Quelques instants plus tard, il était 2-0, Rabiot marquant lui-même sur un service de Chukwueze. Torino a continué à se battre, et Ché Adams, d’Écosse, a marqué le plus beau but du match dans les arrêts de jeu, une volée nonchalante du droit au-dessus de son épaule gauche. Mais les trois points sont allés à Milan.

Cissè a ri lorsque l’intervieweur de Dazn lui a demandé à la fin du match ce qu’il pensait des déclarations d’Amorim. « Ça me rend heureux, » a-t-il dit. « Mais je n’ai pas entendu la conférence de presse. Tous mes amis m’en ont parlé à la place. »

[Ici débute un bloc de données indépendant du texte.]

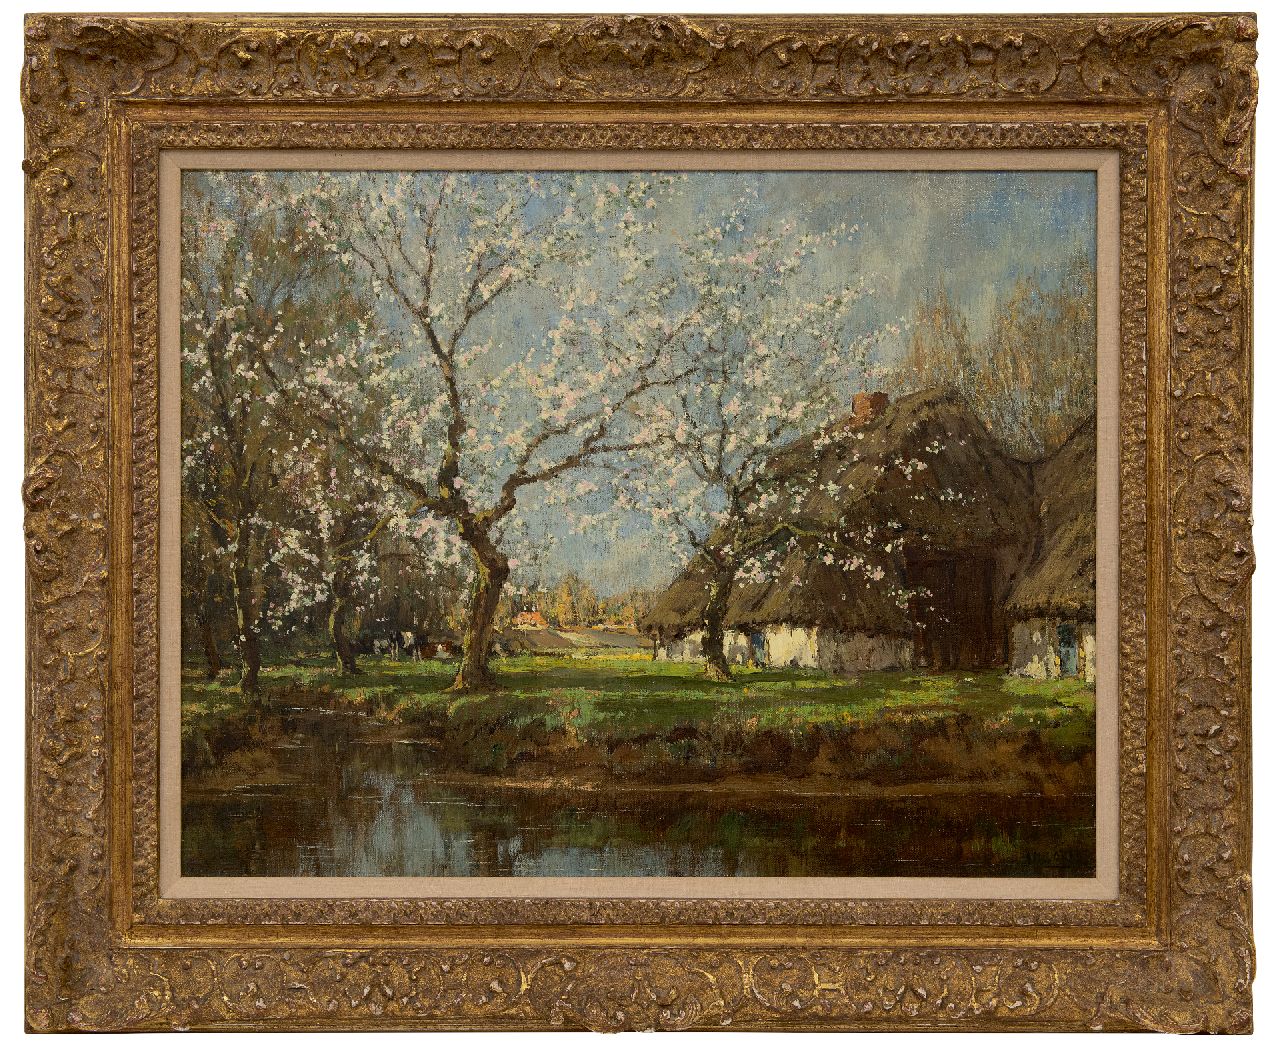 Gorter A.M.  | 'Arnold' Marc Gorter | Schilderijen te koop aangeboden | Boerderij bij voorjaarsbloesem, olieverf op doek 50,7 x 65,7 cm, gesigneerd rechtsonder

Alphadjo Cissè scores for Milan

Il était encore en phase de récupération de sa blessure lorsqu’il a rejoint Milan cet été. Cissè a affirmé qu’il avait essayé de suivre l’entraînement de près pour comprendre ce que l’entraîneur principal souhaitait. Néanmoins, il a admis que commencer et marquer lors de l’ouverture de la saison était « au-delà d’un rêve ».

Les chiffres indiquent qu’il est le plus jeune Italien à marquer pour Milan depuis Patrick Cutrone en 2017, ainsi que le premier Italien à marquer lors de ses débuts en Serie A depuis Daniel Maldini en 2021. Ces noms doivent rappeler à tous de ne pas s’emballer trop vite. Cutrone, aujourd’hui âgé de 28 ans, était remplaçant pour Monza ce week-end et n’a atteint les dix buts qu’une seule fois en une saison de première division. Maldini, 24 ans, a joué pour sept clubs depuis 2022 et commence cette campagne avec Cagliari.

Cependant, Amorim semble avoir une haute opinion de Cissè, qui a représenté l’Italie à divers niveaux jusqu’aux moins de 21 ans, affirmant qu’il avait à certains moments, durant la première mi-temps, paru être le joueur le plus expérimenté sur le terrain.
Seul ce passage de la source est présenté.